----- RECORDS TO USE -----

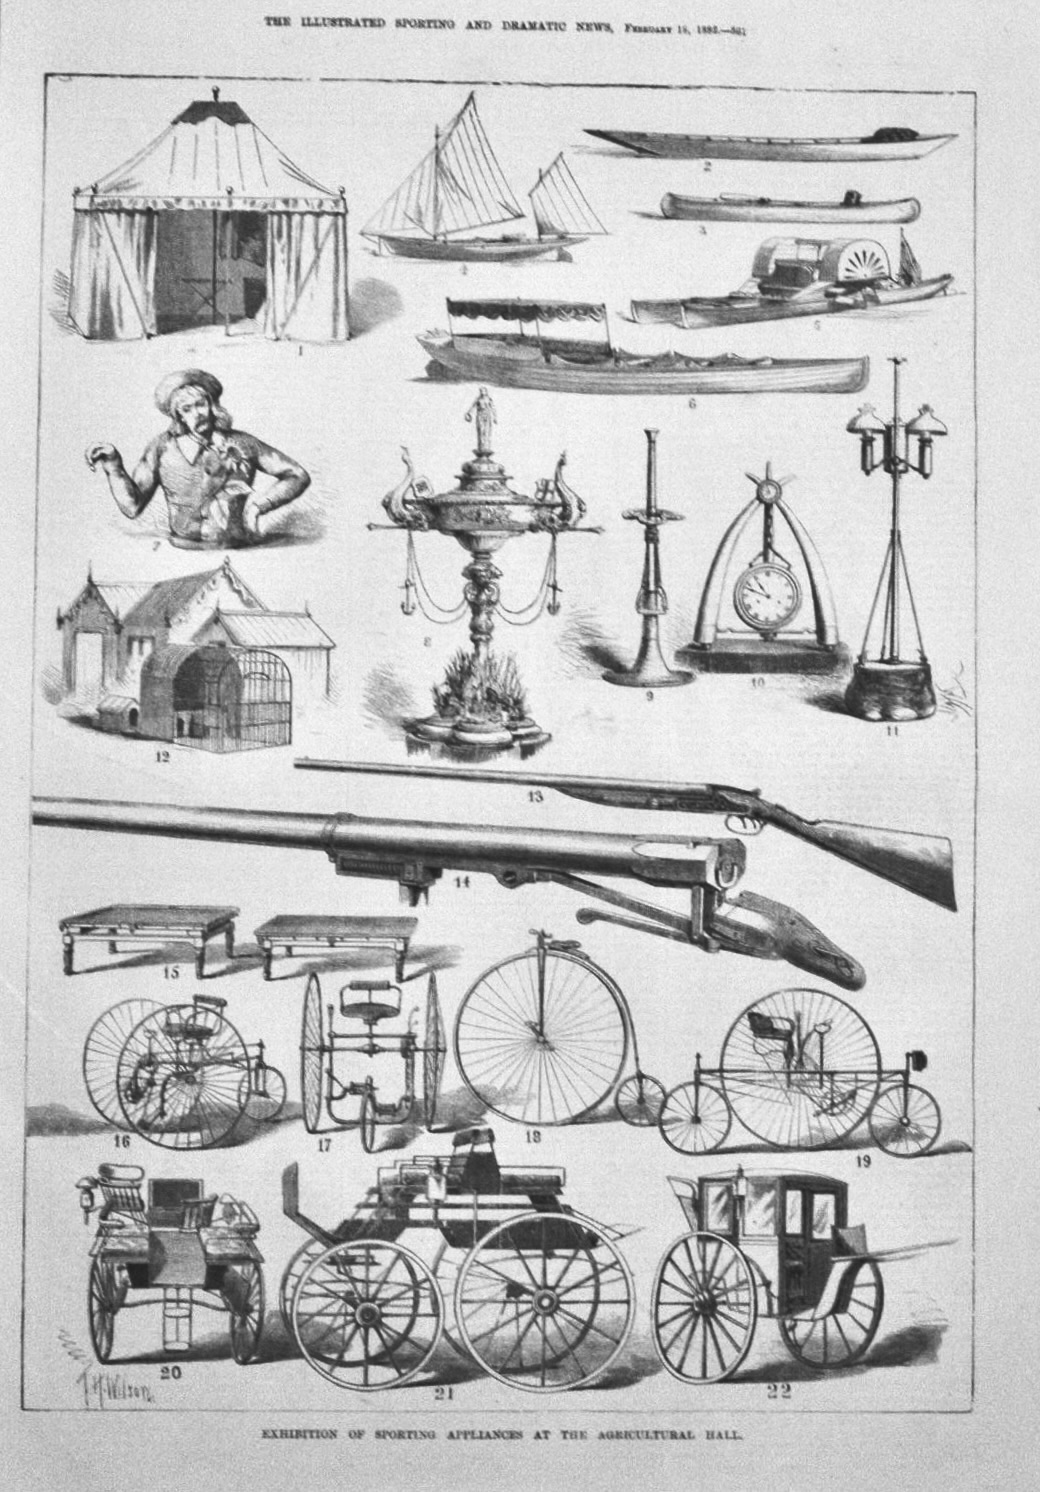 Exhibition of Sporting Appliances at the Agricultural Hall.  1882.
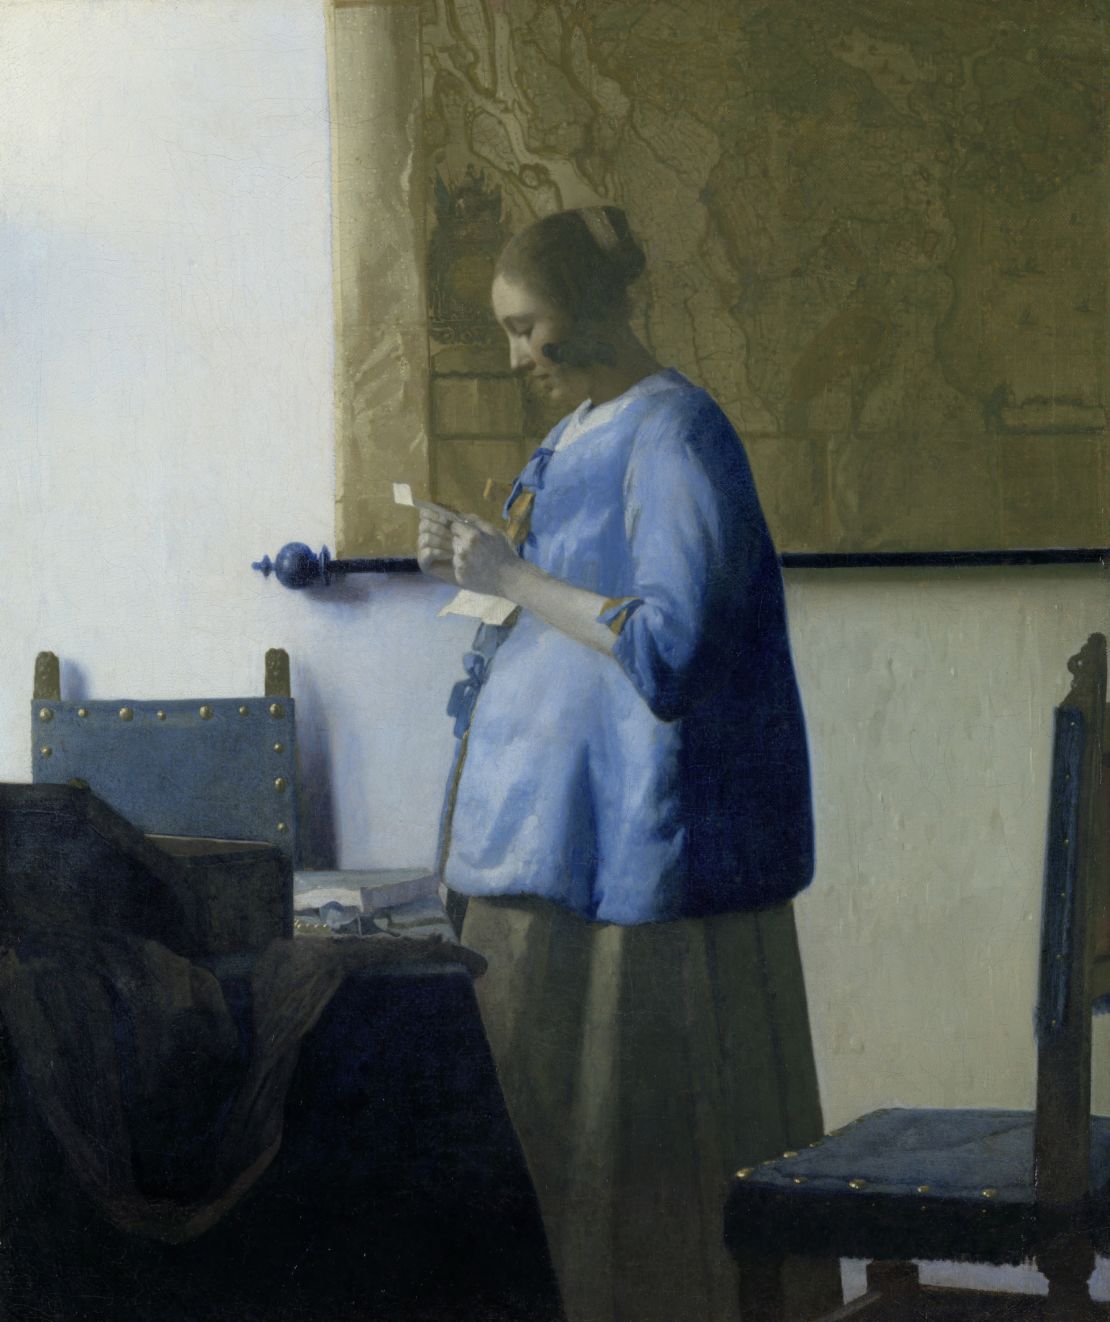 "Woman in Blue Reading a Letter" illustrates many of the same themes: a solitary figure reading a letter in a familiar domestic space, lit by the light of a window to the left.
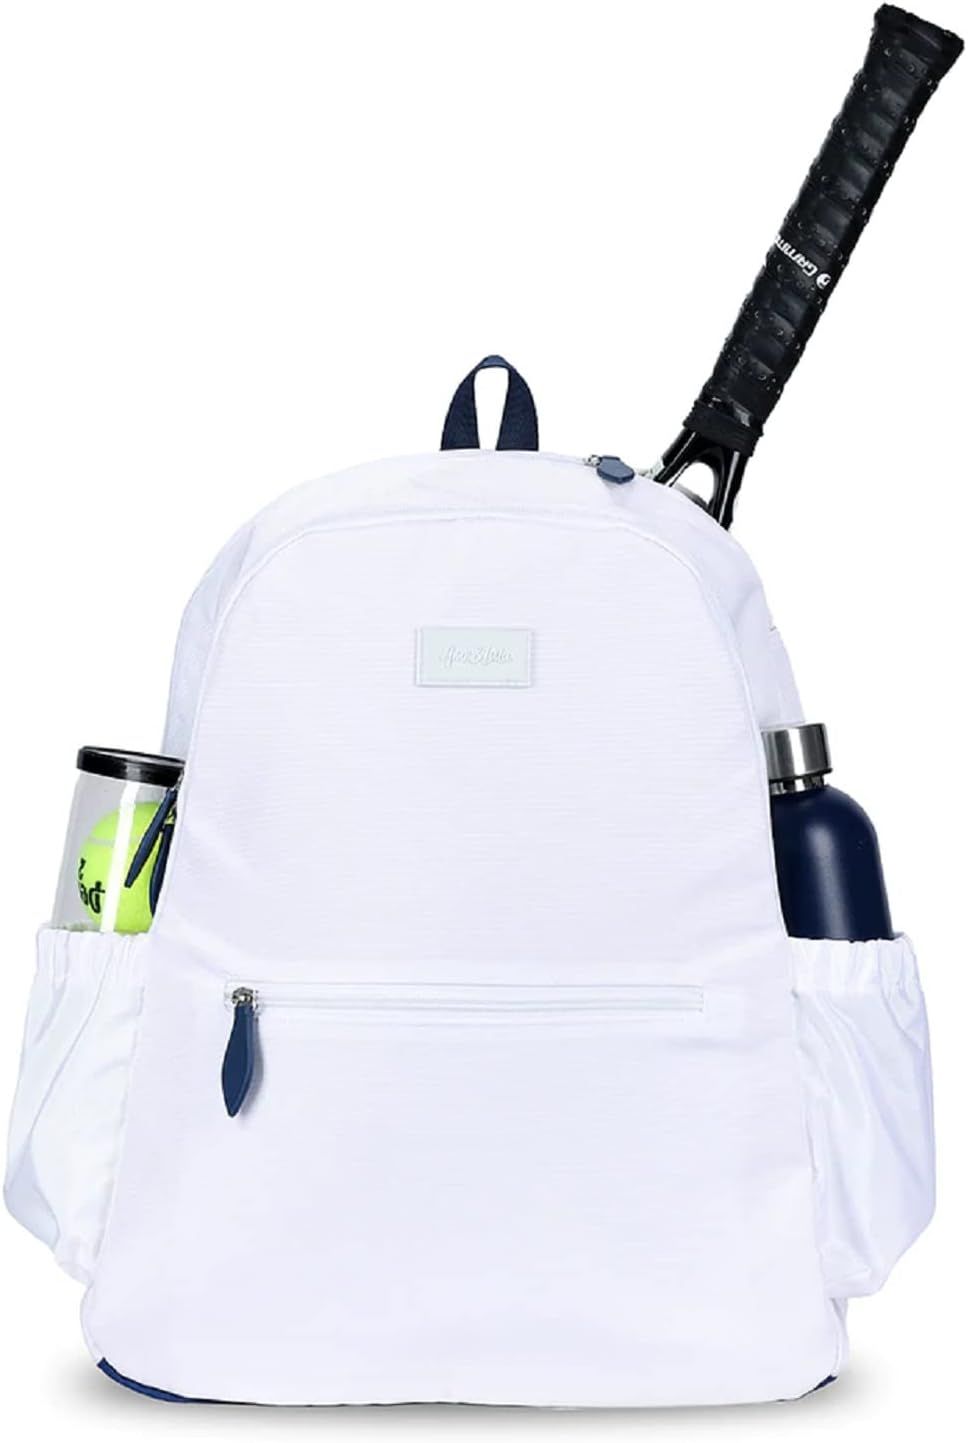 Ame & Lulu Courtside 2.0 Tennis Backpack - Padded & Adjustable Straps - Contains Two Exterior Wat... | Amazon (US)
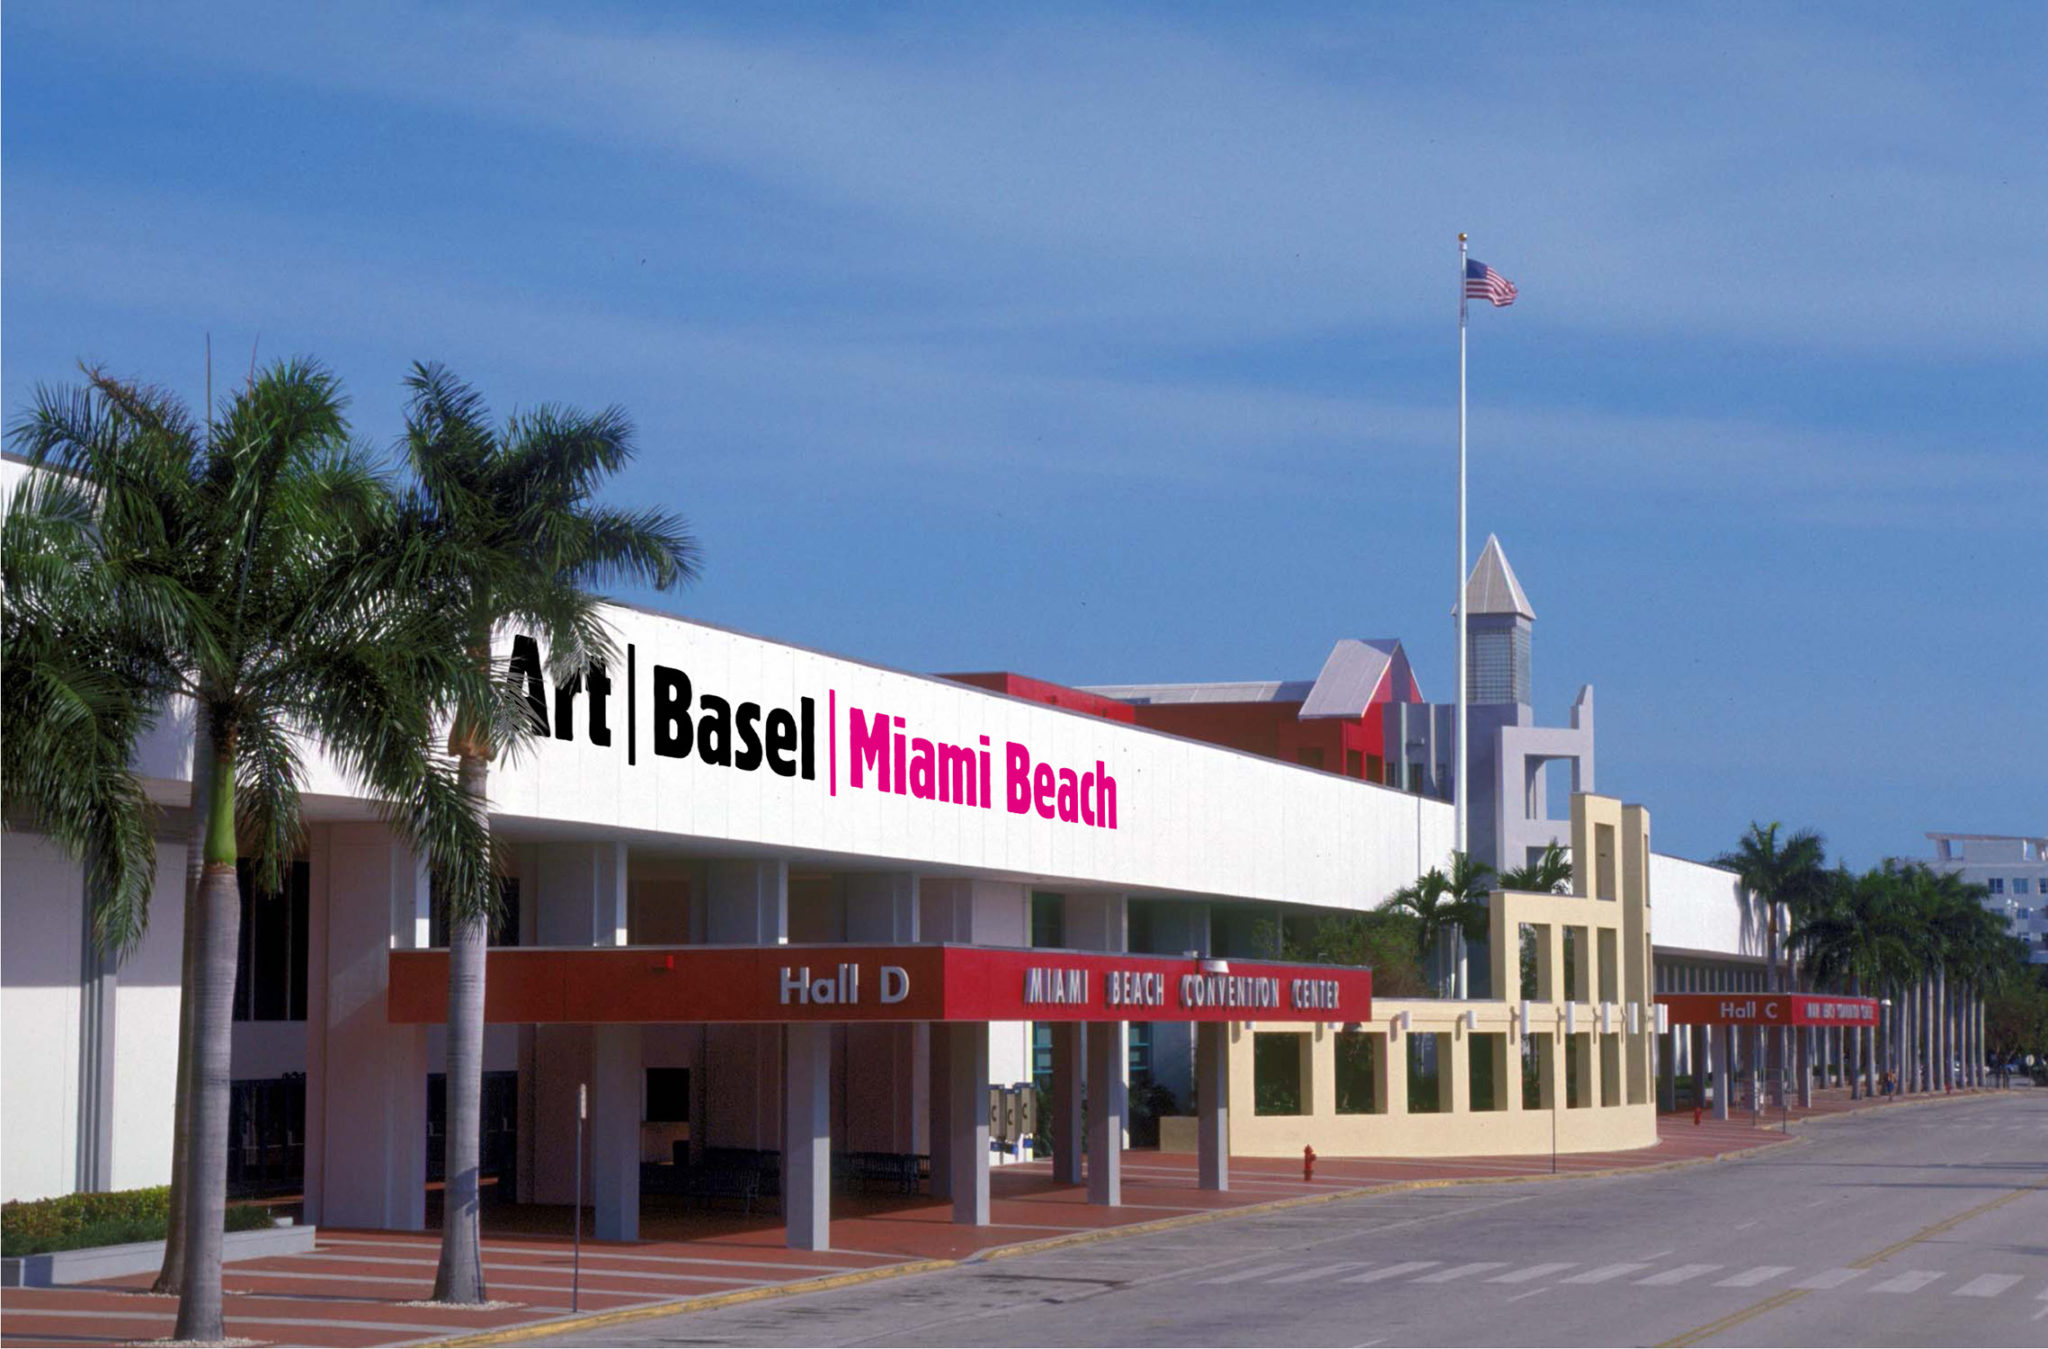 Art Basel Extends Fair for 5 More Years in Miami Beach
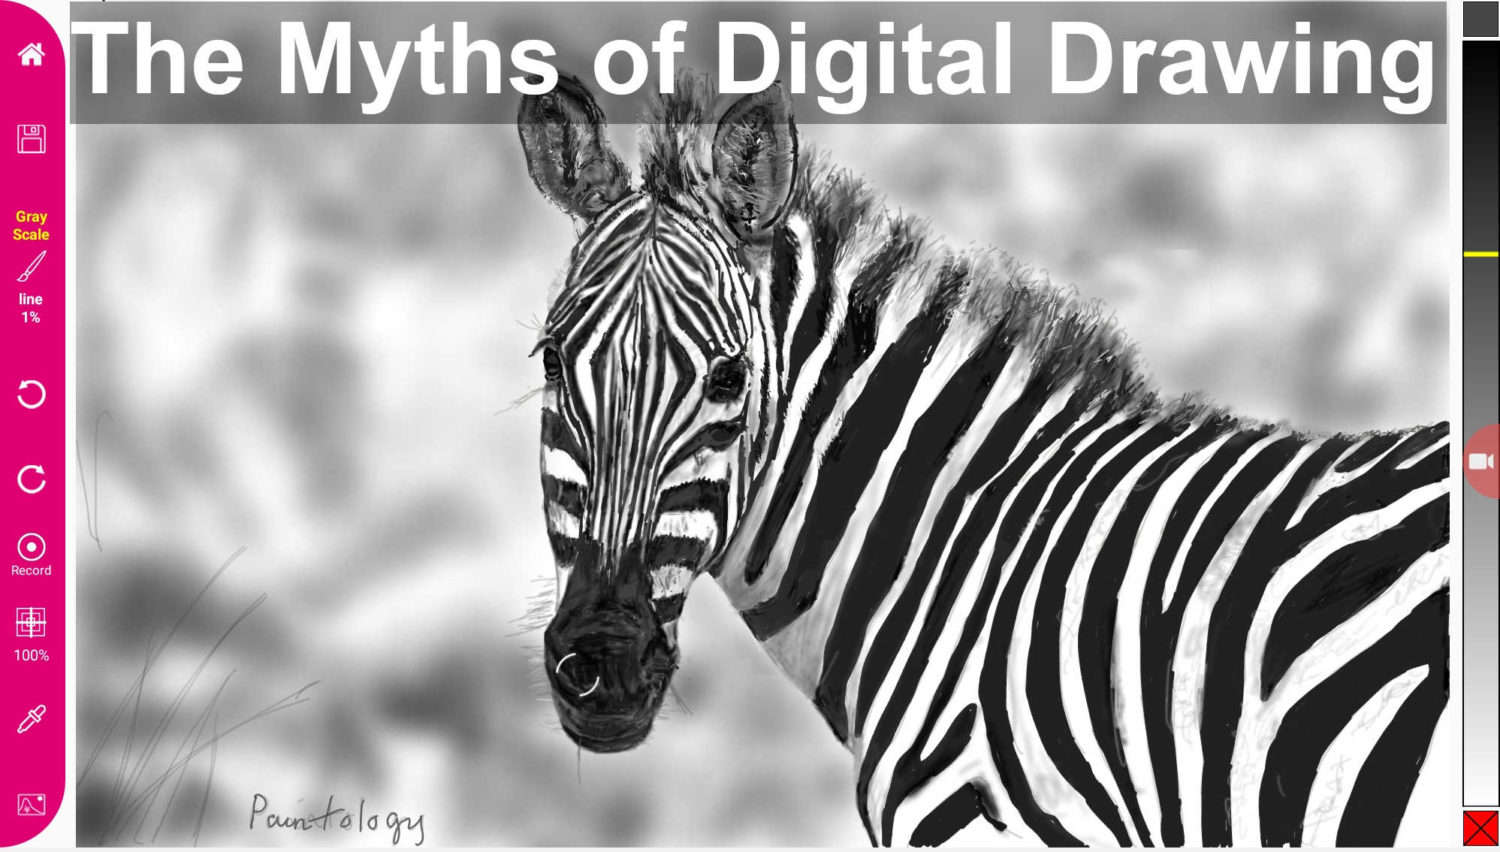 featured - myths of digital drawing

-----

### EXERCISE PROMPT
Give back the material above exactly, but without its images.

### SOLVED EXERCISE
 Exhibition of Sporting Appliances at the Agricultural Hall.  1882.
 "Woman in Blue Reading a Letter" illustrates many of the same themes: a solitary figure reading a letter in a familiar domestic space, lit by the light of a window to the left.
 Ame & Lulu Courtside 2.0 Tennis Backpack - Padded & Adjustable Straps - Contains Two Exterior Wat... | Amazon (US)
 Art Basel Extends Fair for 5 More Years in Miami Beach
 featured - myths of digital drawing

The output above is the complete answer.